#### Provided records

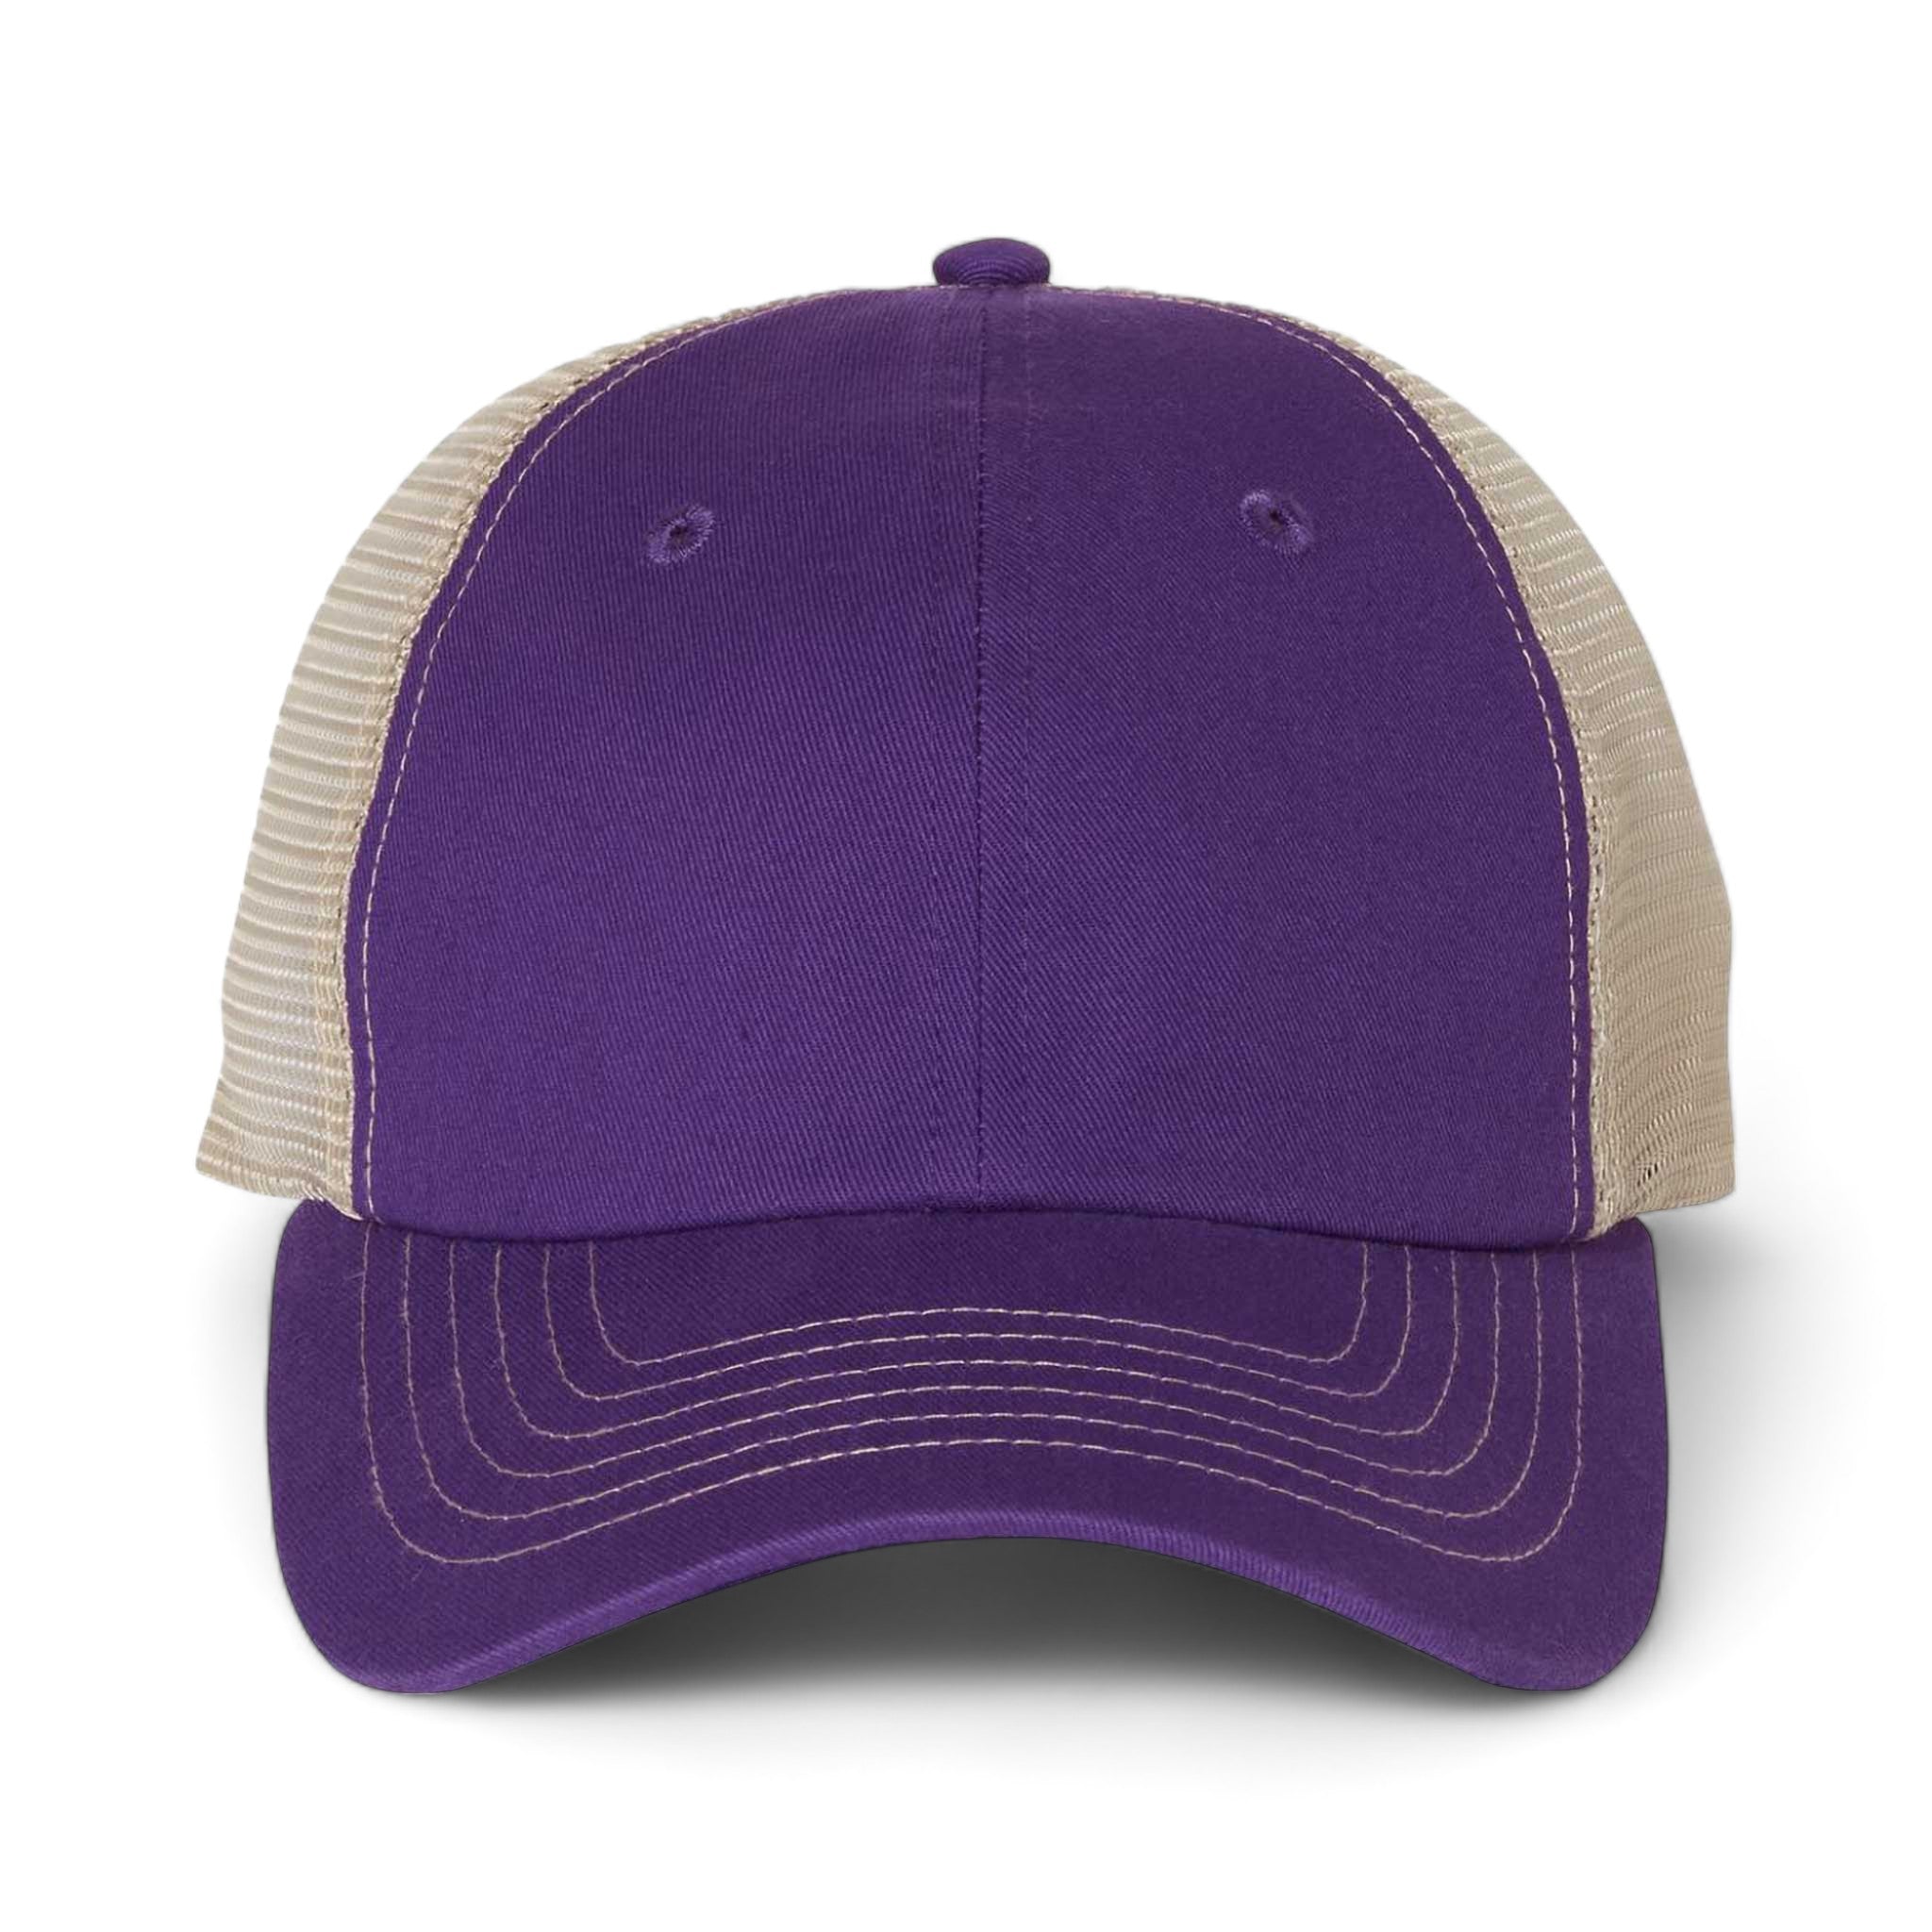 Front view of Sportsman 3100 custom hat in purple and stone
--
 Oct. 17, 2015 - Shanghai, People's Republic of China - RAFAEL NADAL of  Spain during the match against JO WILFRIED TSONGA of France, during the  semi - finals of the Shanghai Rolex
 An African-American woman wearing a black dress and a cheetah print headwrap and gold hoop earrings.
--
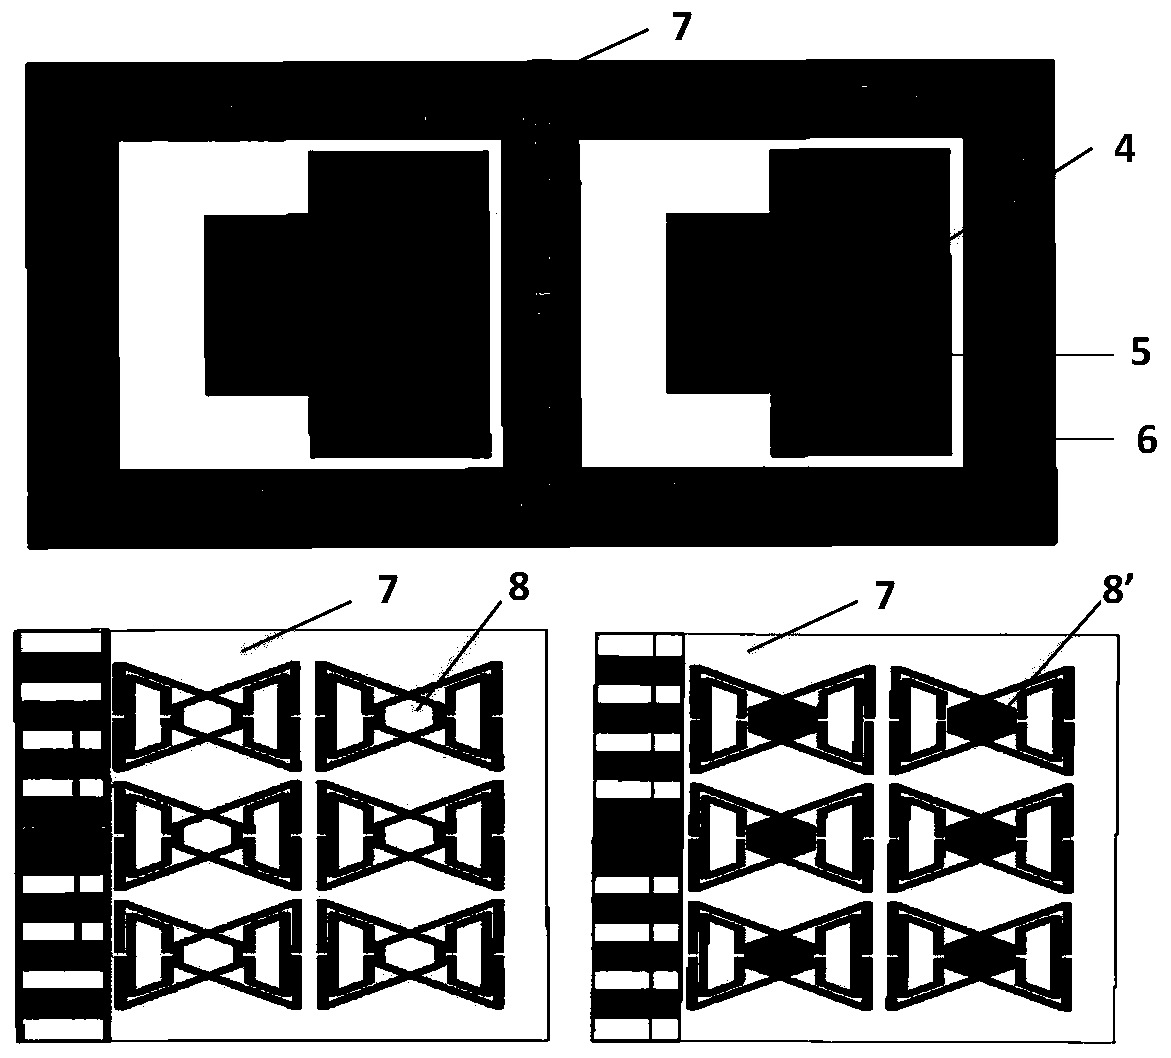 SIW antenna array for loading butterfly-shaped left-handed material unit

#### Directions for this task
In the material above, transcribe exactly the lines beginning at the one with "Oct. 17, 2015" and ending at the one with "An African-American woman", both included.

#### Exercise answer
 Oct. 17, 2015 - Shanghai, People's Republic of China - RAFAEL NADAL of  Spain during the match against JO WILFRIED TSONGA of France, during the  semi - finals of the Shanghai Rolex
 An African-American woman wearing a black dress and a cheetah print headwrap and gold hoop earrings.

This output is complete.